Although the schnauzer and the Scottish terrier have a similar appearance, they are different breeds with different characteristics. There is only one size of Scottish terrier while there are three schnauzer sizes, each recognized as different breeds. Deciding which breed is best for you depends on the size of dog you want, as well as other characteristics including temperament and health considerations.
Comparing breed history and temperament
A member of the American Kennel Club's terrier group, the Scottish dog, or Scottie, is described as confident, independent, spirited, and dignified. Believed to be one of the oldest Scottish dog breeds, the Scottie was bred to hunt vermin such as badgers, rats, and foxes. The breed was accepted into the American Kennel Club registry in 1885.
The standard schnauzer is described as smart, fearless, and spirited and has a very similar temperament to the Scottish terrier. The schnauzer may be a bit easier to train, however, as the Scottie tends to be a bit more stubborn.
The standard schnauzer is the original breed that the giant and miniature schnauzer descended from. They were recognized by the AKC in 1904 and are members of the working group. Bred in Germany, these dogs were used as farm dogs. They were not only expected to hunt vermin but also to guard and herd. The giant schnauzer is also a member of the working group and was bred to help drive cattle. The miniature schnauzer is in the terrier group and was bred to hunt rats.
Scottish terrier vs. schnauzer sizes
The Scottish terrier is a small dog that measures 10 inches tall. The males of the breed weigh 19 to 22 pounds while the females weigh 18 to 21 pounds. The AKC does not recognize dogs smaller than this as a miniature Scottish terrier. Scotties are similar in size to the miniature schnauzer. Miniature schnauzers are 12 to 14 inches tall, slightly taller than the Scottie, and weigh 11 to 20 pounds, which is slightly less than the Scottie.
When comparing the standard schnauzer vs miniature schnauzer and Scottie, the standard is quite a bit larger.
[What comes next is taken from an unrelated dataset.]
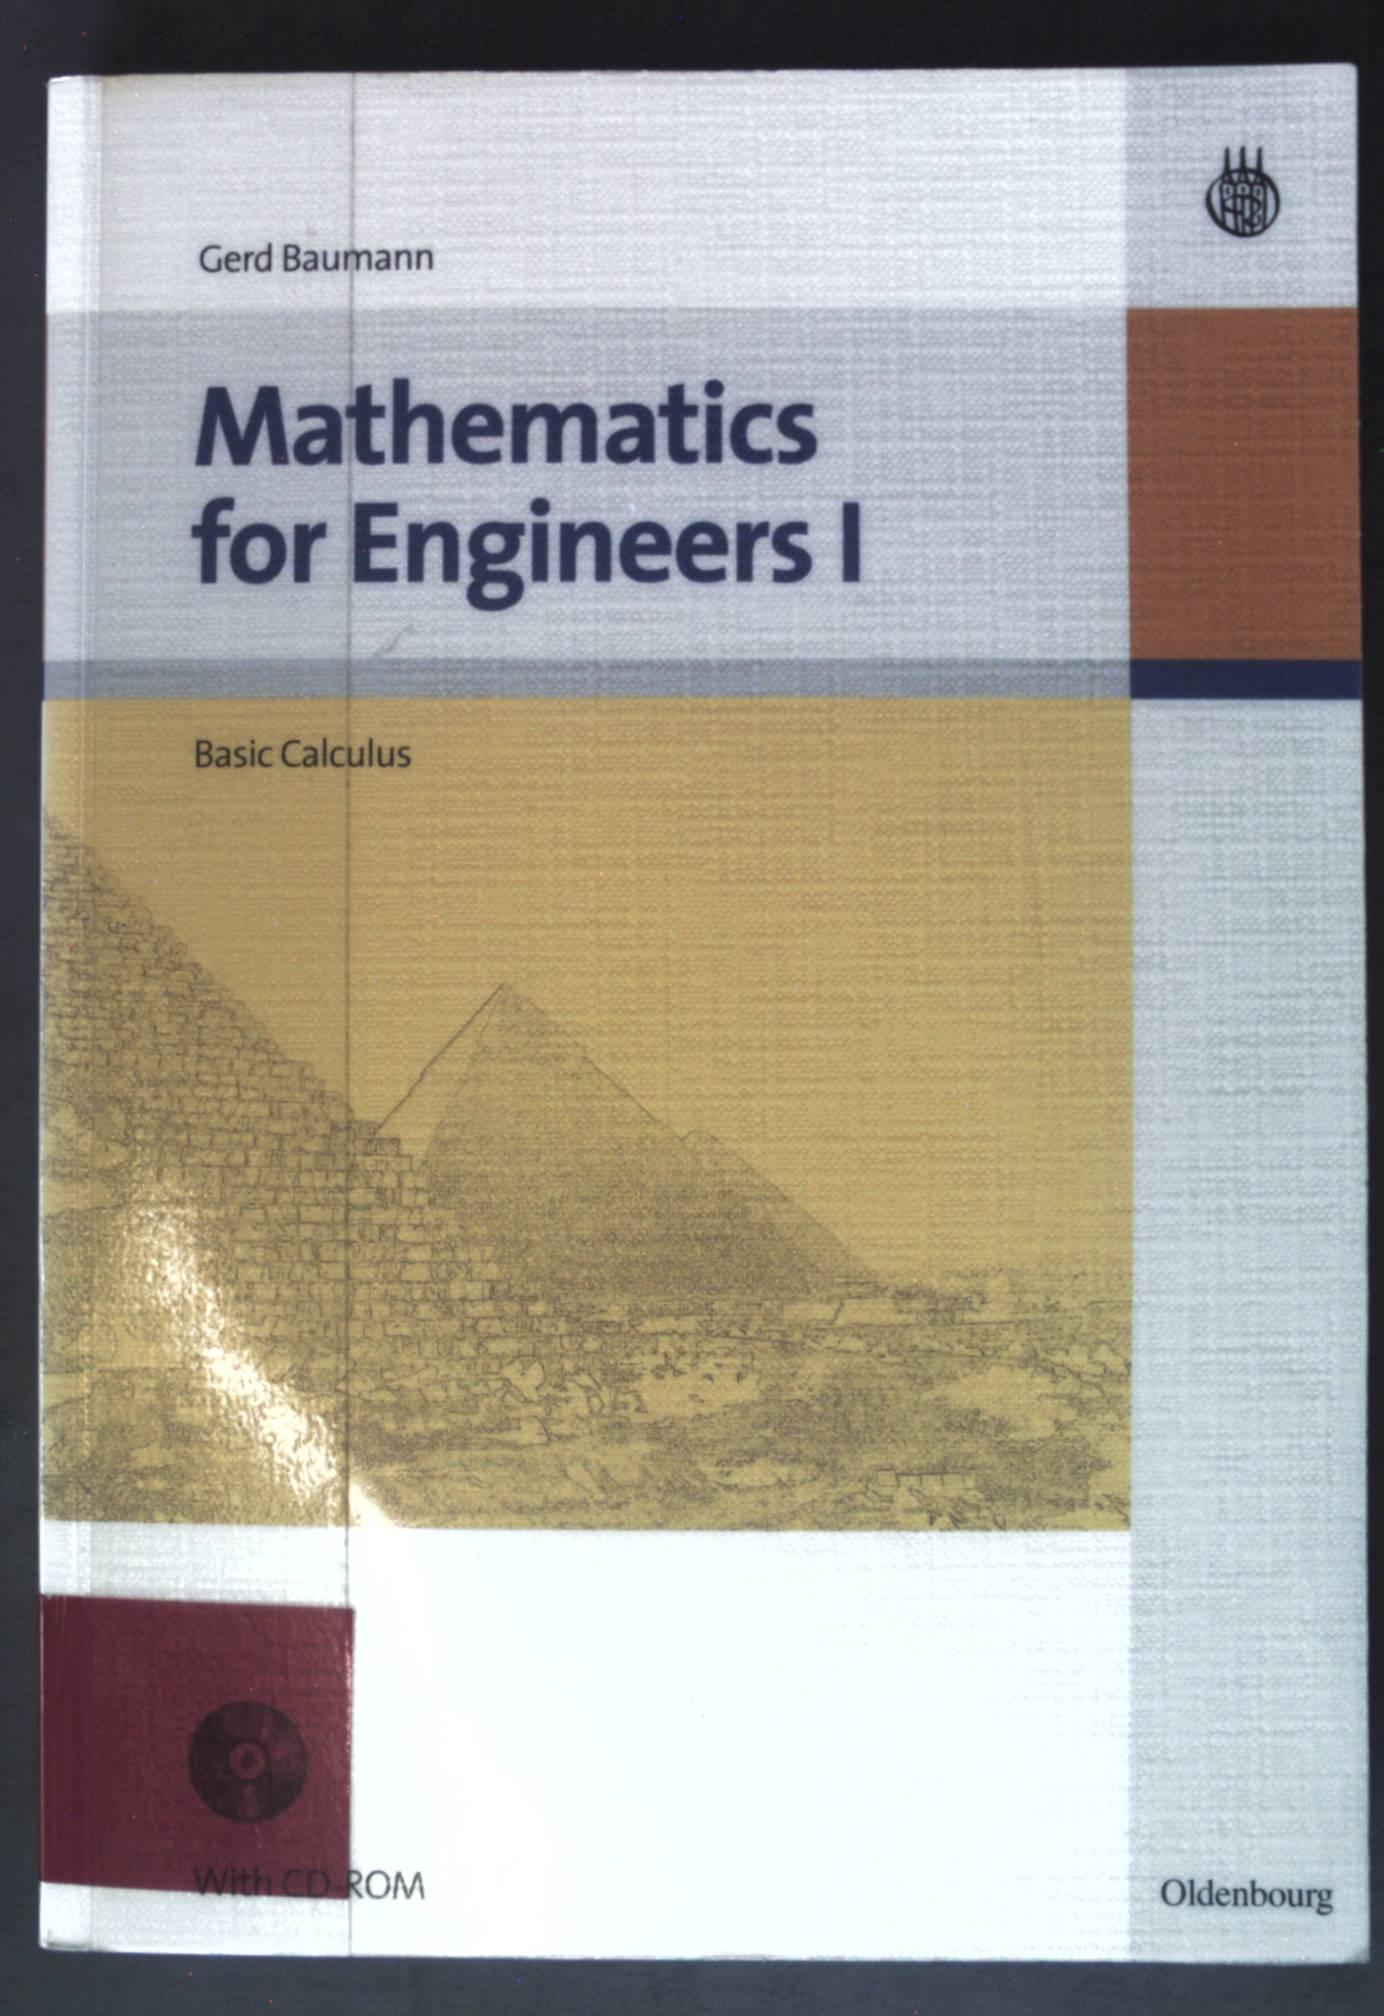 Mathematics for Engineers I: Basic Calculus: Baumann, Gerd:

Male standard schnauzers are 18.5 to 19.5 inches tall and weigh 35 to 50 pounds. Females are 17.5 to 18.5 inches tall and weigh 30 to 45 pounds.
Giant schnauzers are the largest of this group. Male giant schnauzers grow 25.5 to 27.5 inches tall and weigh 60 to 85 pounds. Females grow 23.5 to 25.5 inches tall and weigh 55 to 75 pounds.
Differences in appearance
The Scottish terrier has a compact, slightly long body with short legs. They also have a recognizable beard, eyebrows, and erect tail and ears. They have a broken coat with a wiry topcoat and a soft undercoat. Acceptable colors include black, wheaten, and brindle. A brindle Scottish terrier may have black, red, or silver markings.
The schnauzer has a similar beard and eyebrows and also features erect ears. They also have an erect tail, but it is usually docked to a length of 1 to 2 inches. The schnauzer's body has more of a square shape and they don't have short legs. They have a thick, wiry coat but only have two recognized colors: black, and pepper and salt. A black schnauzer can resemble an oversized black Scottish terrier.
A wheaten schnauzer is not recognized under the breed standard for standard schnauzers. However, the giant schnauzer comes in additional colors including fawn and black and tan.
Terrier, schnauzer health and longevity
Both breeds have genetic health concerns to consider. When selecting a dog, make sure the breeder has done the recommended health testing. The Scottish terrier should have a patella evaluation and a DNA test for Von Willebrand disease, a deficiency in a protein that is necessary for blood clotting. Scotties have an average life expectancy of about 12 years.
The standard schnauzer has a slightly longer life expectancy of 13 to 16 years. Recommended health tests for the breed include an ophthalmologist exam, hip evaluation, and a DNA test for DCM, or dilated cardiomyopathy.
Both miniature and giant schnauzers have a life expectancy of 12 to 15 years, but each has a few additional health concerns compared to the standard schnauzer and Scottie. Miniature schnauzers should have a cardiac and ophthalmology exam. They are prone to conditions such as cataracts, urinary stones, and pancreatitis. Health tests for giant schnauzers include a thyroid test, hip evaluation, and ophthalmology exam.